Так что не было бы ни ссор, ни еще одного сведения счетов, ни обвинения в недостатках, ни взаимных упреков. Ни криков, ни надувания губ. Но я знала, что больше не увижу экс-наверного бойфренда и не войду в его дом. Я шла в темноте в сторону, казалось, стоянки такси и, как прежде, когда я выходила из кулинарного магазина, я не чувствовала под собой ног. Я видела свои ноги, видела землю, но соединить их между собой было невозможно. Я потрогала руками бедра, намеренно ощутила их, надавила на них, но делала это незаметно, потому что, как это уже стало обычным в последнее время, мне казалось, что за мной наблюдают.

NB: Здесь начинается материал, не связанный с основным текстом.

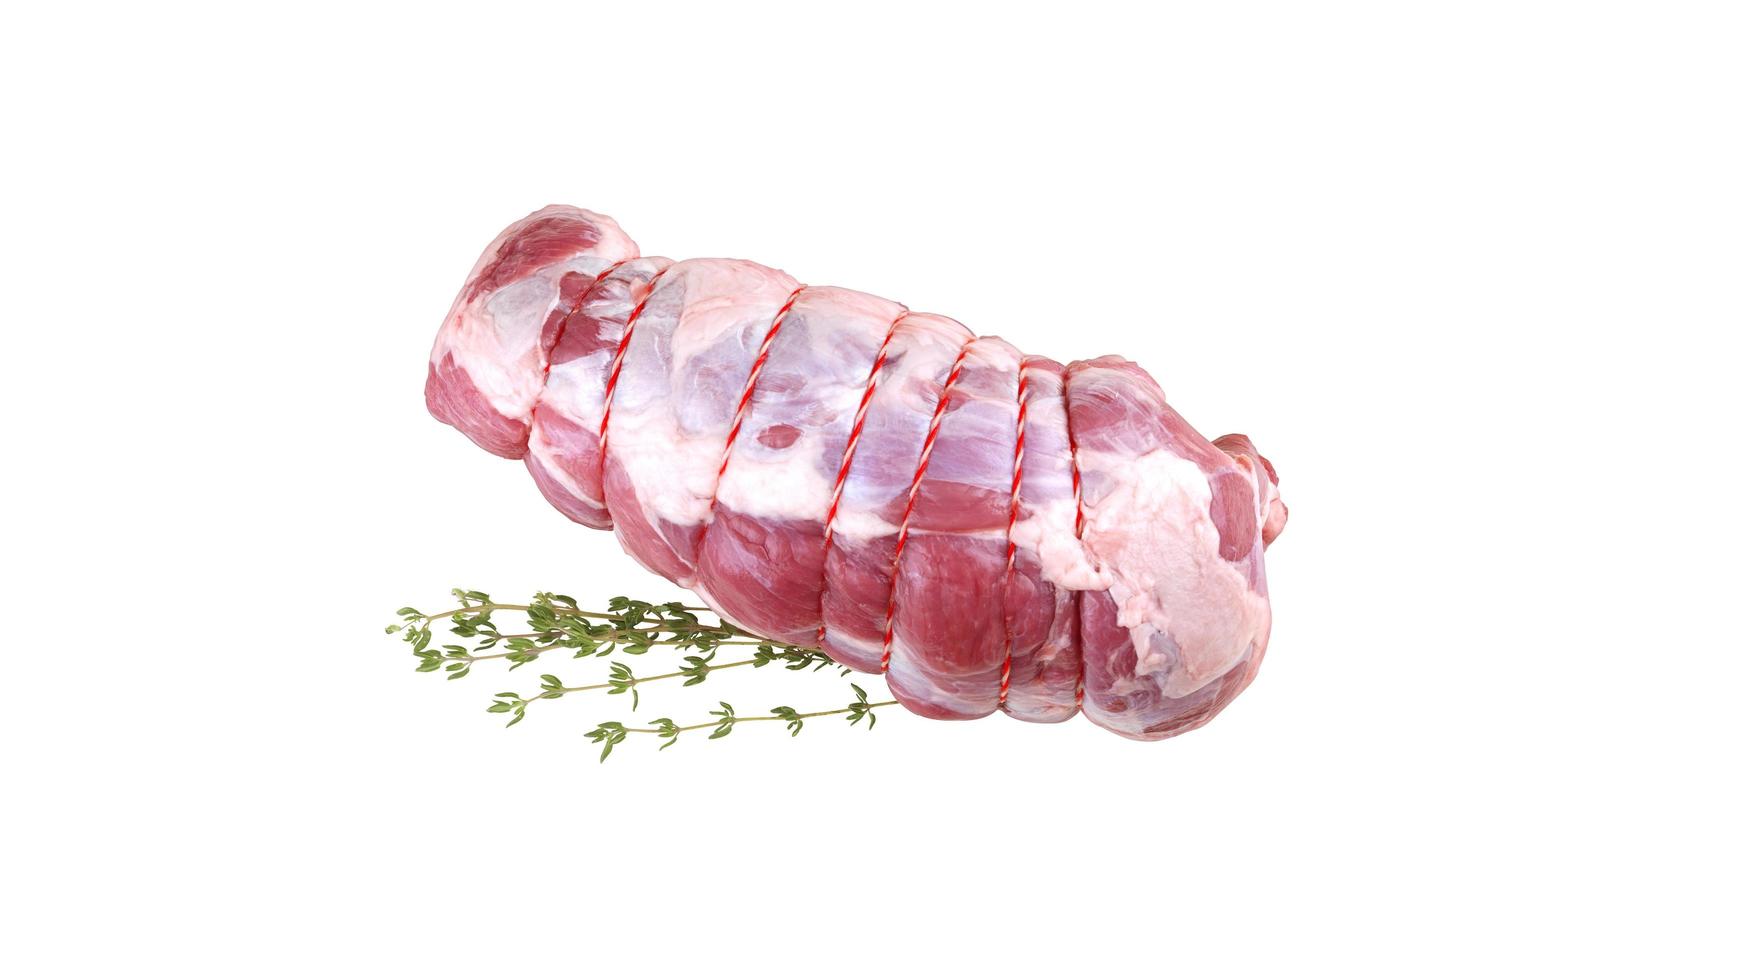 Viande de porc fraîche crue isolée sur fond blanc photo

Но никакой злости. Я не чувствовала злости. Но я знала, что там, в глубине, под онемелостью, злость есть. На экс-наверного бойфренда. На шефа. На первого зятя за выдумывание историй, потом за их распространение, включая и последнюю о том, как это глупо с моей стороны при свете дня ставить рога Молочнику с парнем моего возраста из другой части города. Злость на сплетни, на приукрашательство выдумок зятя, на фабрикацию собственных выдумок. На приспособленцев, которые возмущали меня, на продавщиц из кулинарного магазина и всех прочих магазинов, которые вскоре почувствуют себя обязанными бесплатно предоставлять мне любые из товаров, которые я, по их мнению, хотела бы иметь. Она проходила, таяла, эта злость, и, как и с ногами, которые я видела, но не чувствовала, мне казалось, что я не имею права злиться, потому что, если бы я подошла к этому иначе, то теперь не была бы сама виновата. Если бы я сделала то-то и то-то вместо того-то и того-то, пошла бы не туда, а туда, сказала бы не то, а то, или выглядела бы иначе, или не вышла бы в тот день с «Айвенго», или в тот вечер, или в ту неделю, или в любое время в течение этих двух месяцев, когда я позволила ему увидеть меня и захотеть меня. Тут я споткнулась, и в этот момент ко мне подъехал белый фургон. Пассажирская дверь открылась, и это чувство «уже не войдешь в это место ужаса» снова охватило меня.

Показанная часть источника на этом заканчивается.